*INSTRUCTIONS FOR THE TASK*: Go through the listing below and repeat it exactly, omitting each picture.

*SUPPLIED INFORMATION*:
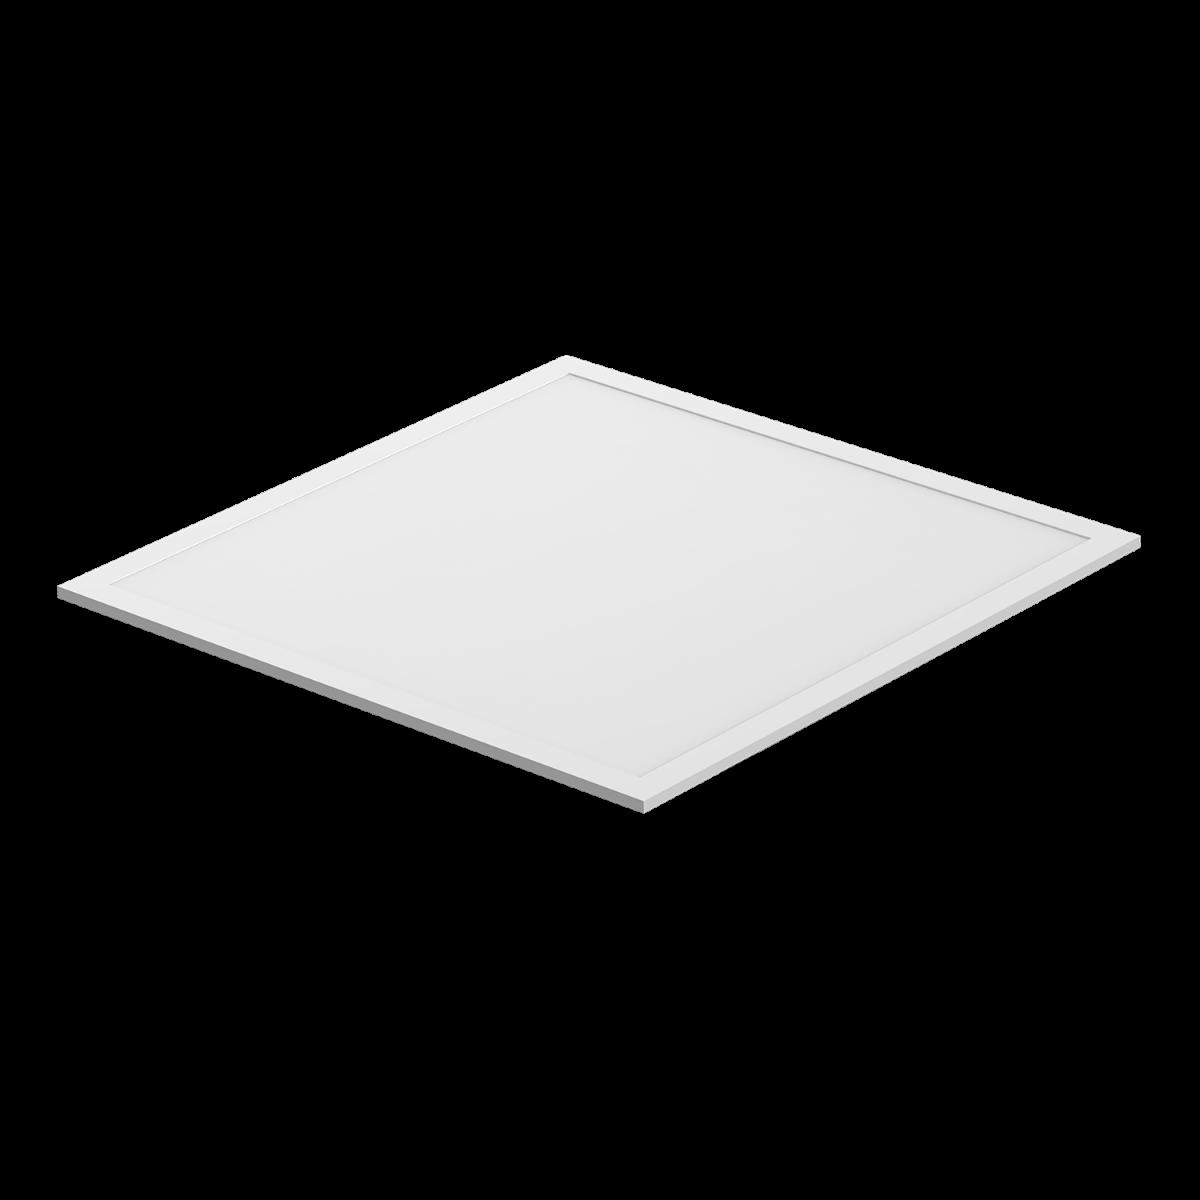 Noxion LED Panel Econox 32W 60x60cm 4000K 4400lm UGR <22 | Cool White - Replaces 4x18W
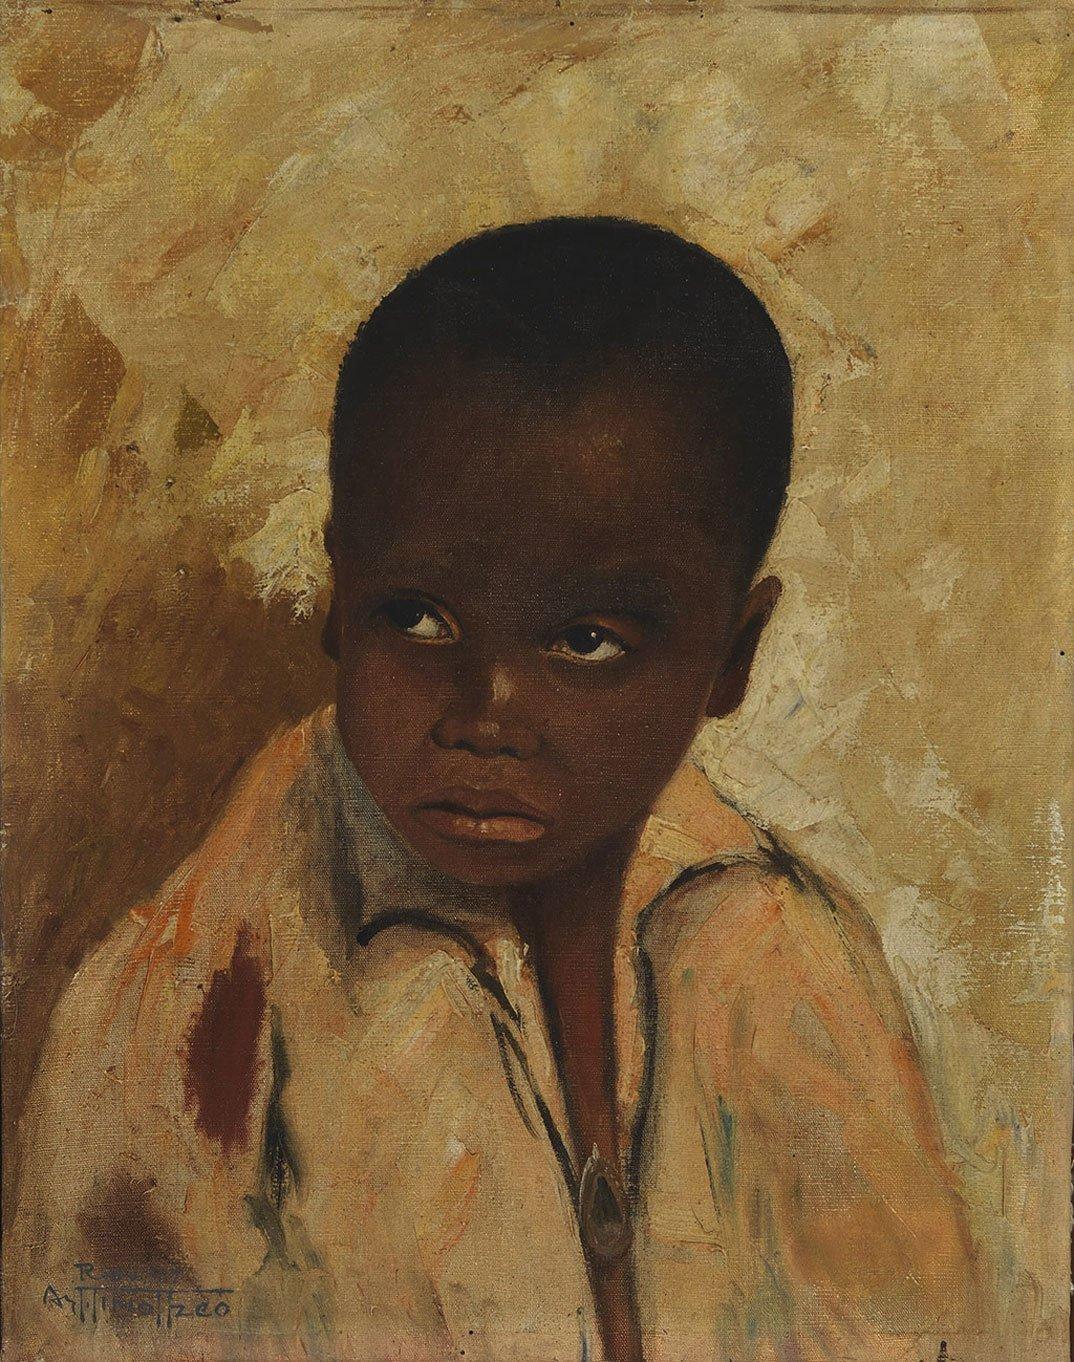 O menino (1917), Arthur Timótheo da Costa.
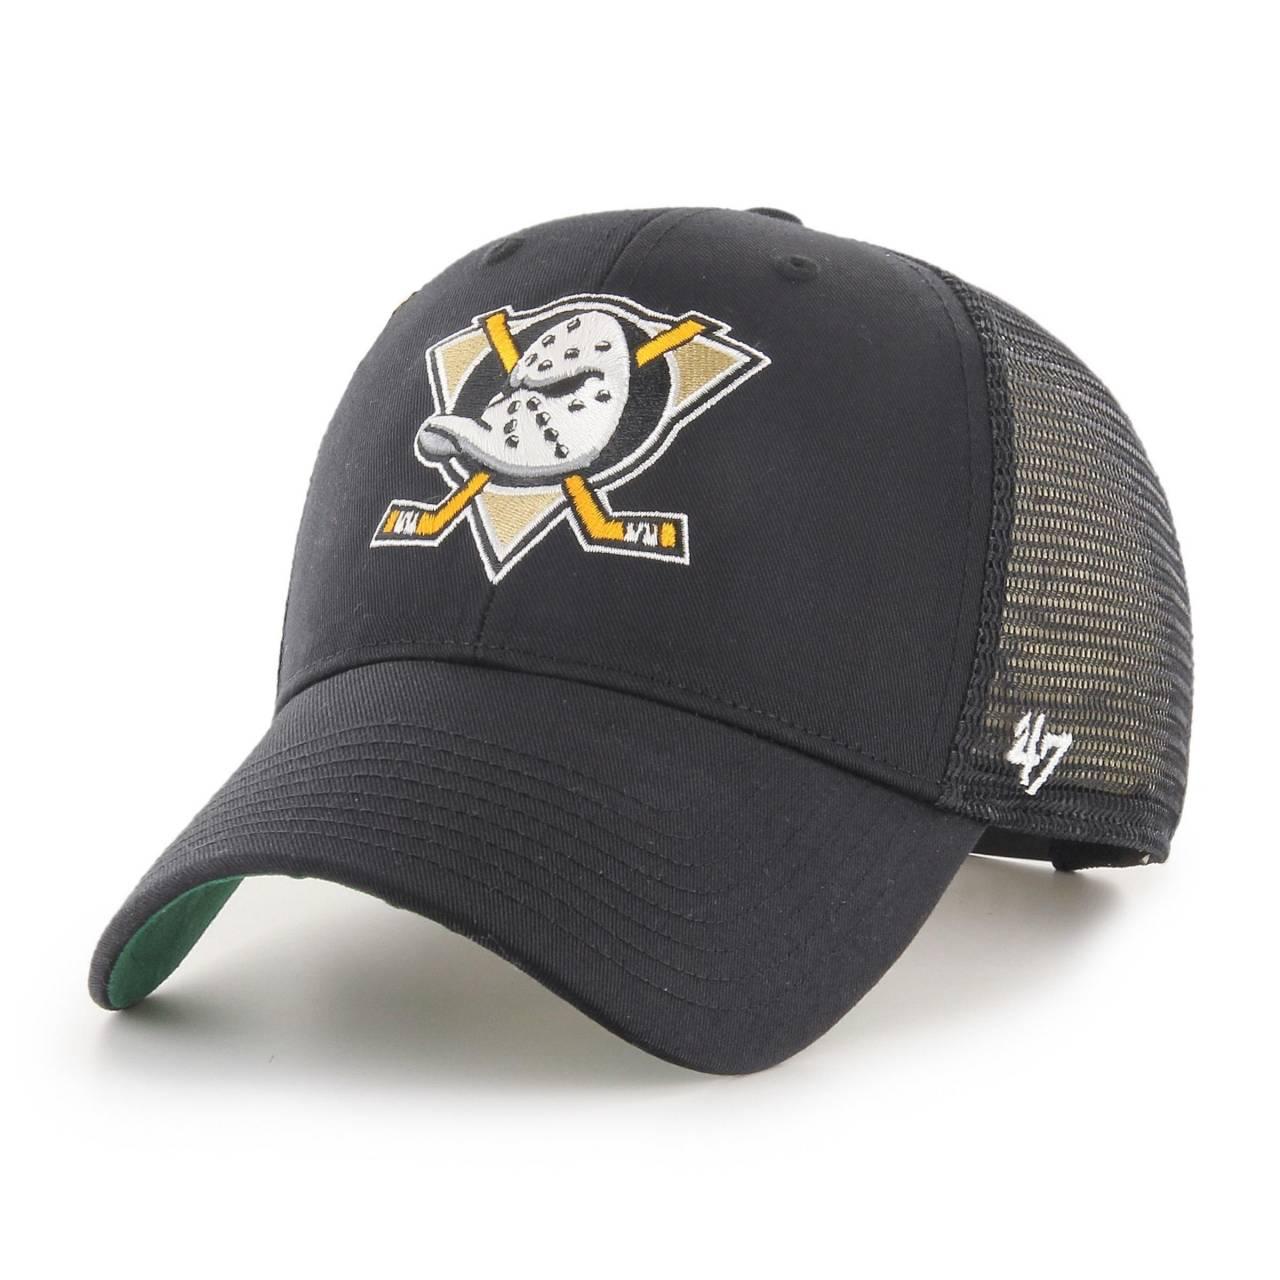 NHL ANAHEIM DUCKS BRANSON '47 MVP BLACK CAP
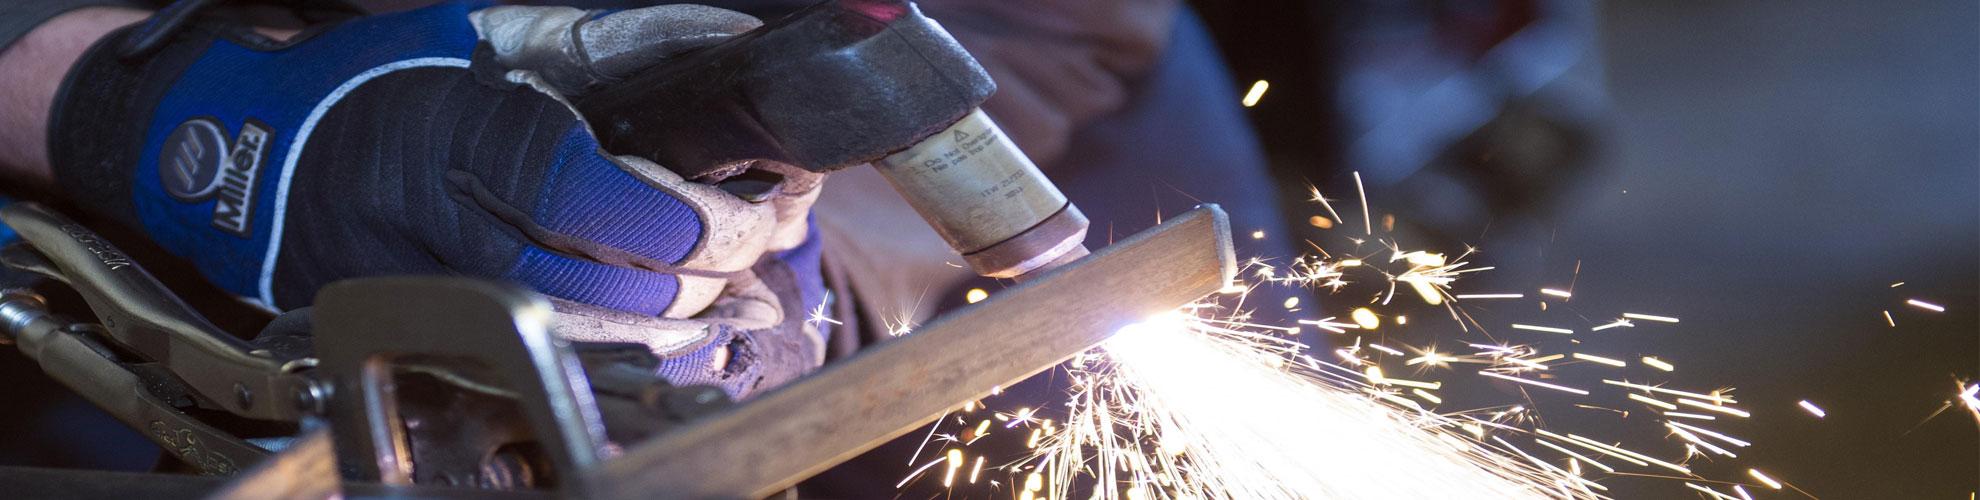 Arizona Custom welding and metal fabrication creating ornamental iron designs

*YOUR RESPONSE*:
 Noxion LED Panel Econox 32W 60x60cm 4000K 4400lm UGR <22 | Cool White - Replaces 4x18W
 O menino (1917), Arthur Timótheo da Costa.
 NHL ANAHEIM DUCKS BRANSON '47 MVP BLACK CAP
 Arizona Custom welding and metal fabrication creating ornamental iron designs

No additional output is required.